Proposal: add Int indexing functions to Data.Set

Fri Apr 29 18:30:24 CEST 2011

El abr 29, 2011, a las 8:05 a.m., Jan-Willem Maessen escribió:

> I'd support removing these functions absent a compelling use case (ie
> one that would not be better expressed as indexing by key).  Does
> anyone have one?

Well, I have a use case for these functions in the case of Set.  I'm a bit wary of arguing for the inclusion on nothing but my personal use case, because as I mentioned in another message, I just assumed that desirability of such functions functions in Data.Map would be uncontroversial.  I.e., when it comes to modifying the interface of a standard library, I think arguments like "make it uniform with Data.Map" are more persuasive than "I could use it for this."

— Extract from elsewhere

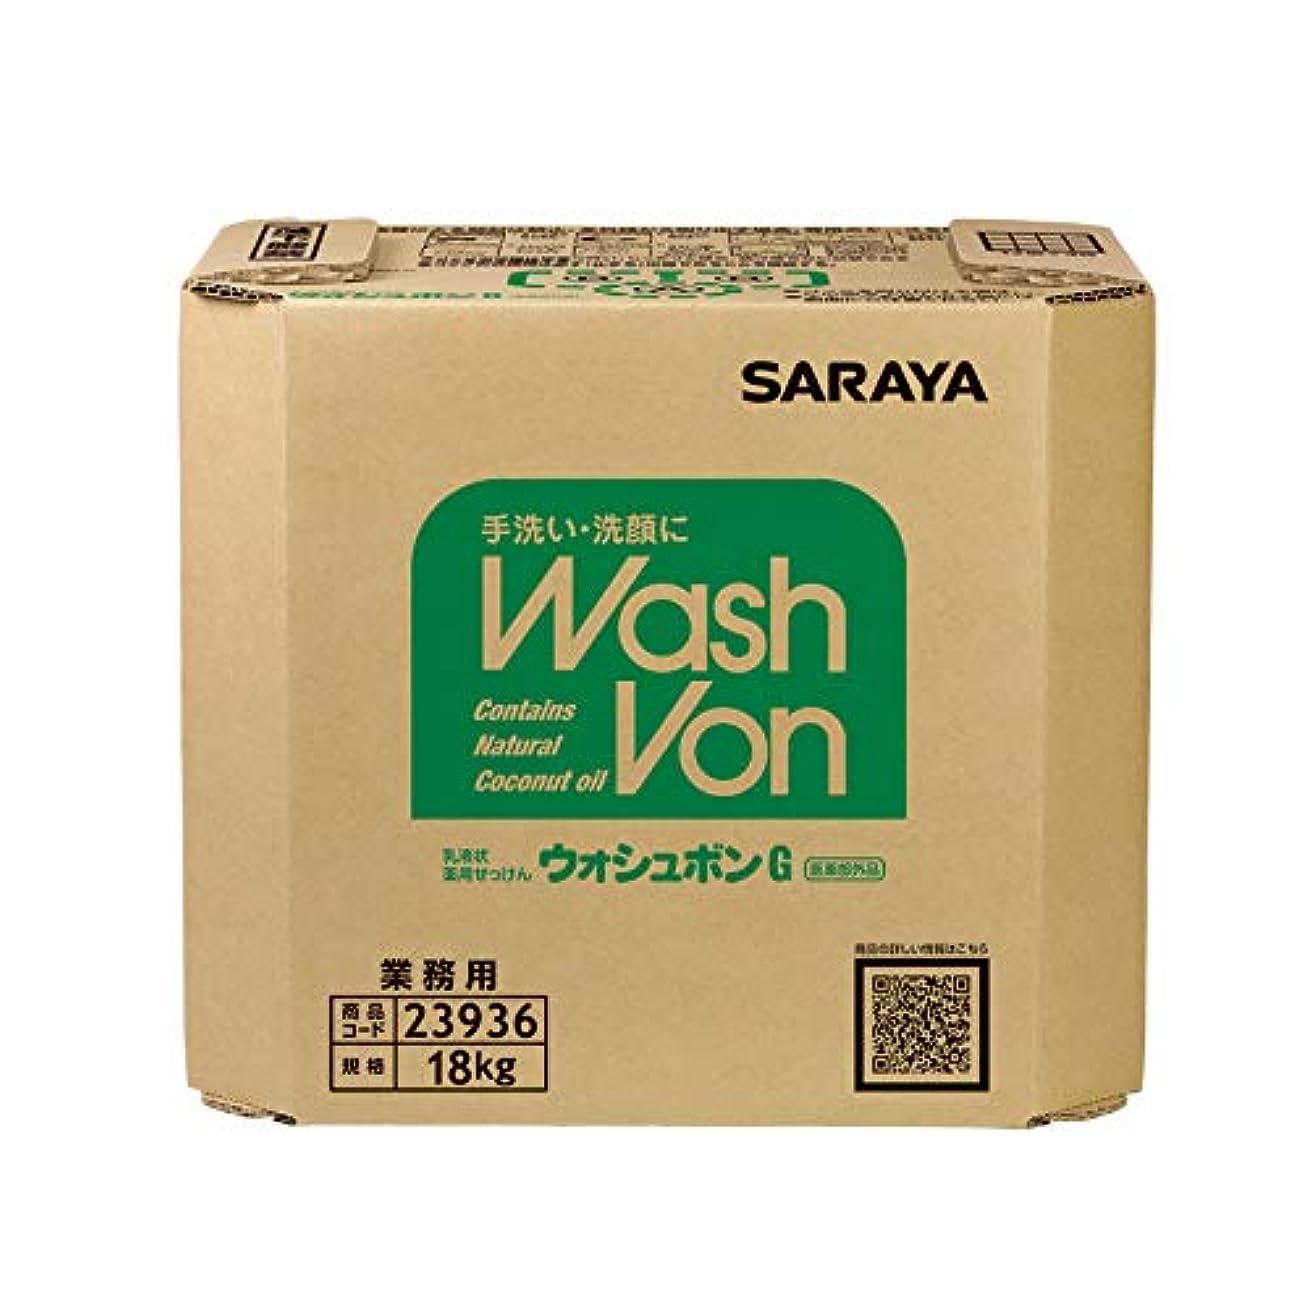 参照法律放つサラヤ ウォシュボン G 18kg 23936 (コック付き)

At this point, I'm slowly being convinced that the original Data.Map functions are extraneous.  Still, I will mention my use case for the Data.Set functions, and let people make up their own minds.

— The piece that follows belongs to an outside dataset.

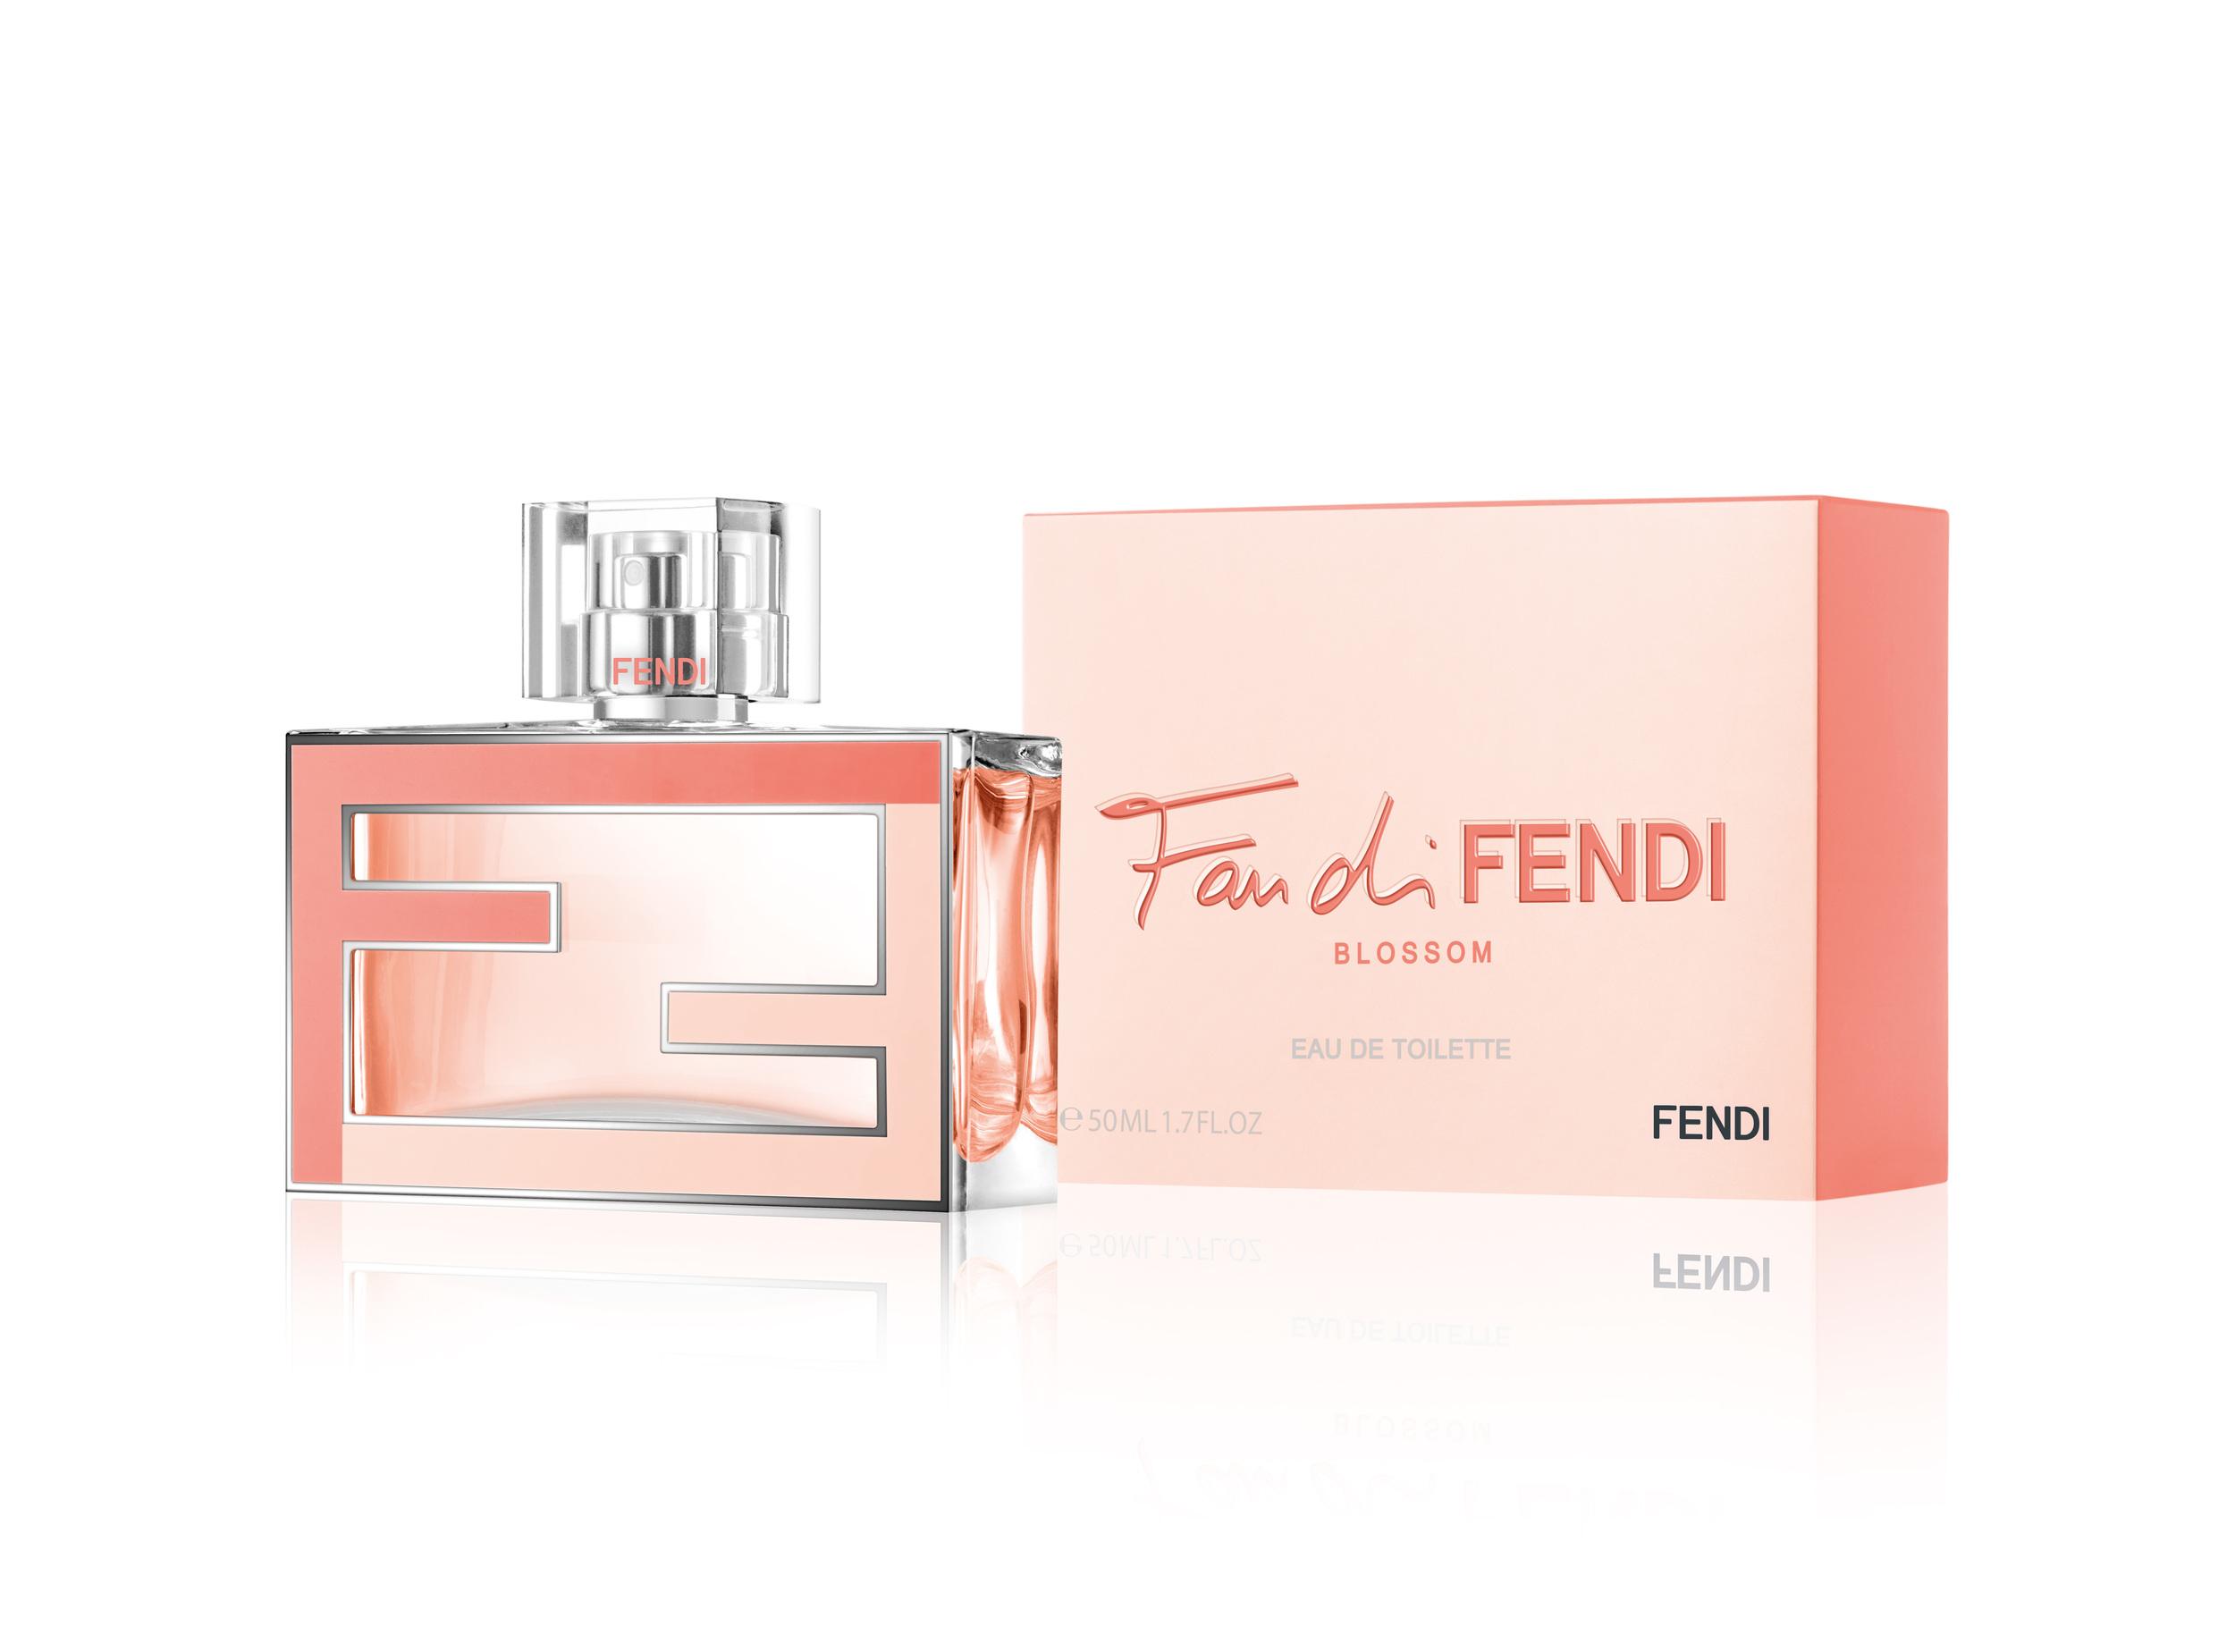 FAN DI FENDI BLOSSOM - FLACON + ETUI 50ML 3-4.jpg

I'm working on a project where the most natural implementation is to use the members of runtime-constructed sets to index the elements of an array.  The use of sets to represent the index sets is independently motivated, because I need to operate on these sets using operations like union, intersection, difference, mapping and filtering, while preserving the member uniqueness property.

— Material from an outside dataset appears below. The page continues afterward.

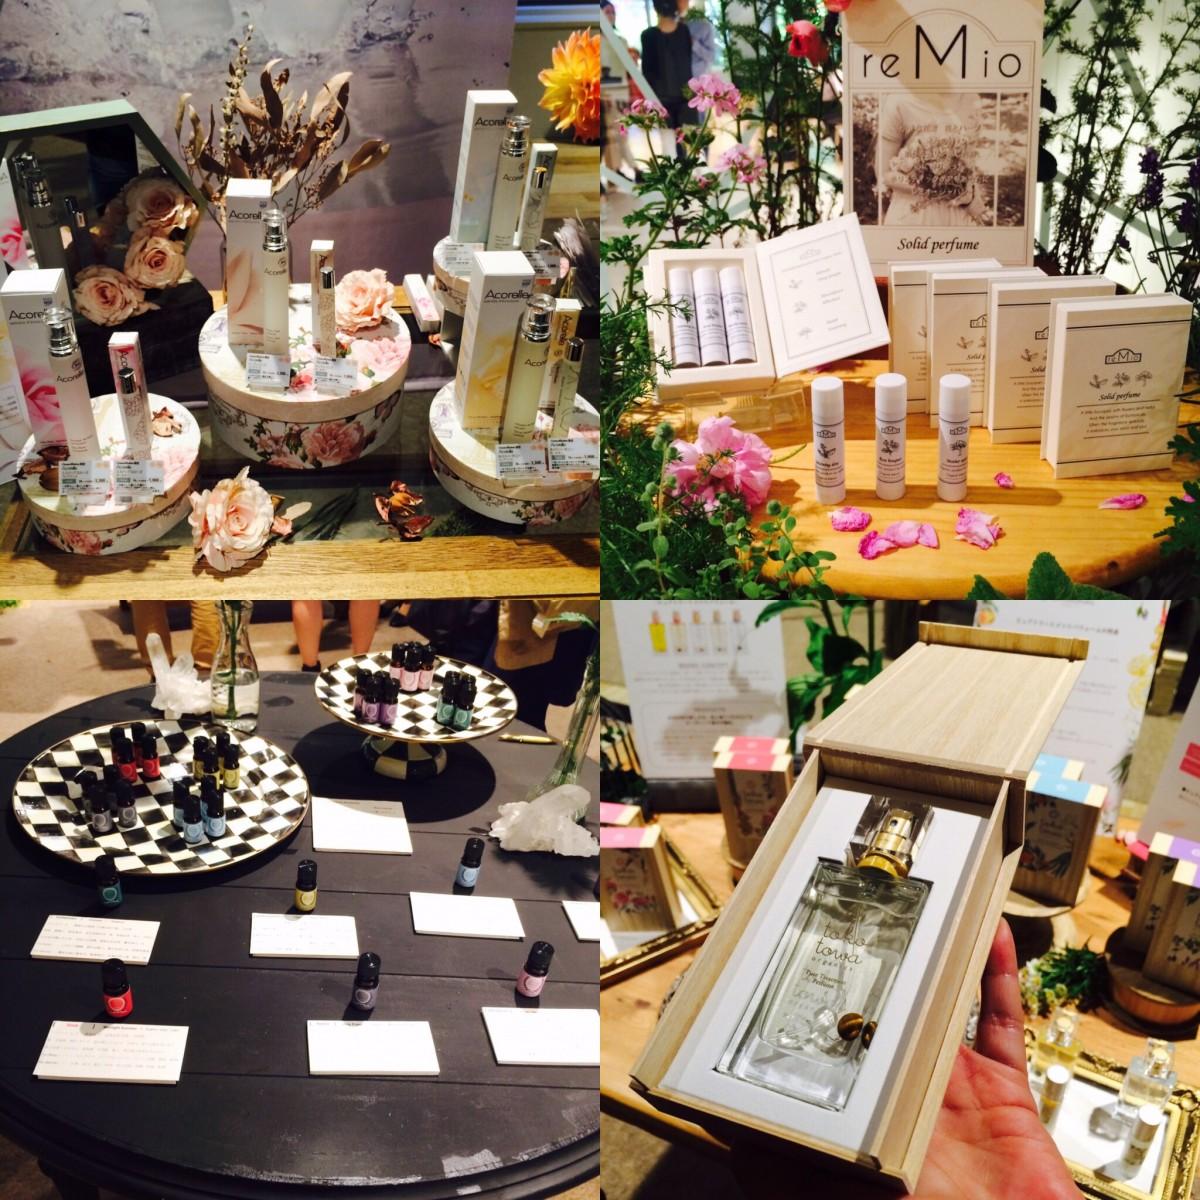 【展示会レポ】香水もオーガニックの時代に⁉︎心身から美しくなれる♡6月デビューのフレグランス新ブランド特集

The lookupIndex, findIndex and elemAt functions would give me this set member/array index translation "for free."  There are other ways to construct such a mapping, but I think they suffer in comparison:

1. I could construct a Map assigning an index to each element, but then the inverse mapping is linear time.

2. That could be solved by using a pair of maps (one from elem to Int, and an inverse map from Int to elem), but since I fundamentally just want to treat these maps as sets, I need to implement analogues of basic Set operations like union, intersection, difference, map, filter and so on, that would need to reconstruct the element <--> index mappings as needed.  I realize that this is not difficult at all, but (a) it's presumably slower, (b) again, I mistakenly assumed that the Data.Map index functions were uncontroversial to start with. 

3. An alternative would be to implement and use a data type that guaranteed uniqueness, ordering, Int indexing and the usual set operations.  You might call such a type or class OrderedSet or IndexedSet; but to implement it, you might end up just copy-pasting Data.Set + the indexing functions as the implementation, because the implementation in Data.Set sure looks like a natural way of implementing an ordered, indexed set.

I think this really distills the issue down to this.  There is a family of three potential, related abstractions:

                         plain set
                           /   \
                          /     \
                ordered set     indexed set

A plain set just provides uniqueness.  An ordered set provides uniqueness and preserves some ordering predicate on the elements.  An indexed set assigns a unique Int index in the range [0..size-1] to each element, and provides translation between members and indexes.

The Set module provides an implementation of an efficient ordered set, that can easily be extended to also be an indexed set.  But many people think that "plain set" should be the only contract that Data.Set is bound to implement.  I can't say that I disagree with that--but I also just want indexed sets...

A more ambitious proposal would be this:

1. Introduce classes to represent the three abstractions in question.

2. Have Data.Set be an instance of all three.

3. Don't expose the ordered an indexed operations directly from Data.Set; force the users to go through the appropriate class.  This allows flexibility for Data.Set to later switch to an implementation that doesn't provide order or indexes; the original implementation would have to be kept as an alternative for people who want the extra features.

This is a lot more ambitious of a proposal than I was hoping for my first time around, I will say.